We desperately need the church to tell us we are enough, exactly the way we are. No conditions or expectations.
We need a church that sees us and believes in us, that cheers us on and encourages us to chase our big crazy dreams.
You know why you don’t feel valued?  Because you haven’t contributed anything valuable yet.   Here’s a clue.  You’re told you aren’t good enough because it’s the truth.  You’re lazy, entitled, and largely useless.  You’re not the first lazy and useless generation and you won’t be the last.  Like so many others before you, you will simply be forgotten as other generations pick up your slack. Or you can grow up and actually do something for once.  And as for your crazy big dreams, just remember, the only thing stopping you is you.  Get off your butt and do it.  Or shut up about it.
9. We Want You to Talk to Us About Controversial Issues (Because No One Is)
People in their 20s and 30s are making the biggest decisions of their entire lives: career, education, relationships, marriage, sex, finances, children, purpose, chemicals, body image.
We need someone consistently speaking truth into every single one of those areas.
No, I don’t think a sermon-series on sex is appropriate for a sanctuary full of families, but we have to create a place where someone older is showing us a better way because these topics are the teaching millennials are starving for. We don’t like how the world is telling us to live, but we never hear from our church either.
This is just a blatant lie.  You don’t want that at all.  You want people to affirm the beliefs you already hold.  Any time we actually talk about these issues, you shut down completely and scream insults at us.
10. The Public Perception
It’s time to focus on changing the public perception of the church within the community. The neighbors, the city and the people around our church buildings should be audibly thankful the congregation is part of their neighborhood. We should be serving the crap out of them.

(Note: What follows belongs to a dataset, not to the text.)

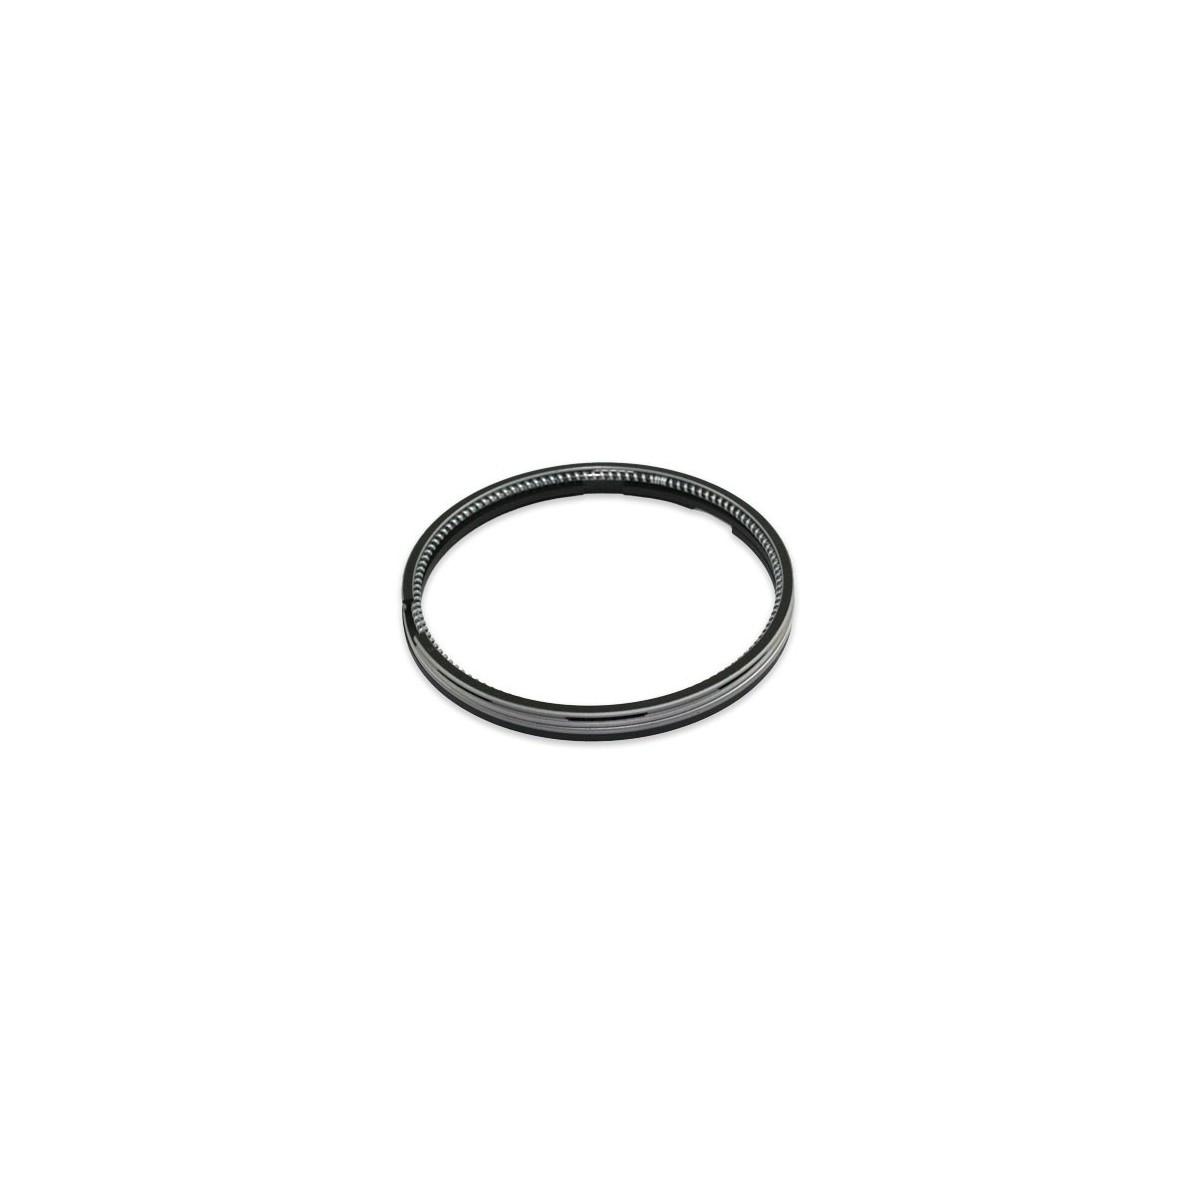 Piston Ring Set Yanmar F20 82mm.

We desperately need to be calling the schools and the city, knocking on doors, asking everyone around us how we can make their world better. When the public opinion shows 1/3 millennials are ANTI-CHURCH, we are outright failing at being the aroma of Christ
Quick question… have you ever read Galatians?  Or well…  the Gospels at all?  If the world hates the church… then that is a sign the Church is doing its job.   If the Church is being embraced by the world… that proves the church is failing at its job.  And this is one more reason why we don’t listen to you.  Because you are selling poison.  Your solutions are suicide pills.  But you don’t know that because you’re a 20-something.   We can take a walk through any major city in the US and I can show you dozens of Churches that are doing exactly what you are calling for… and they are empty.  They are dead.
 
11. Stop Talking About Us (Unless You’re Actually Going to Do Something)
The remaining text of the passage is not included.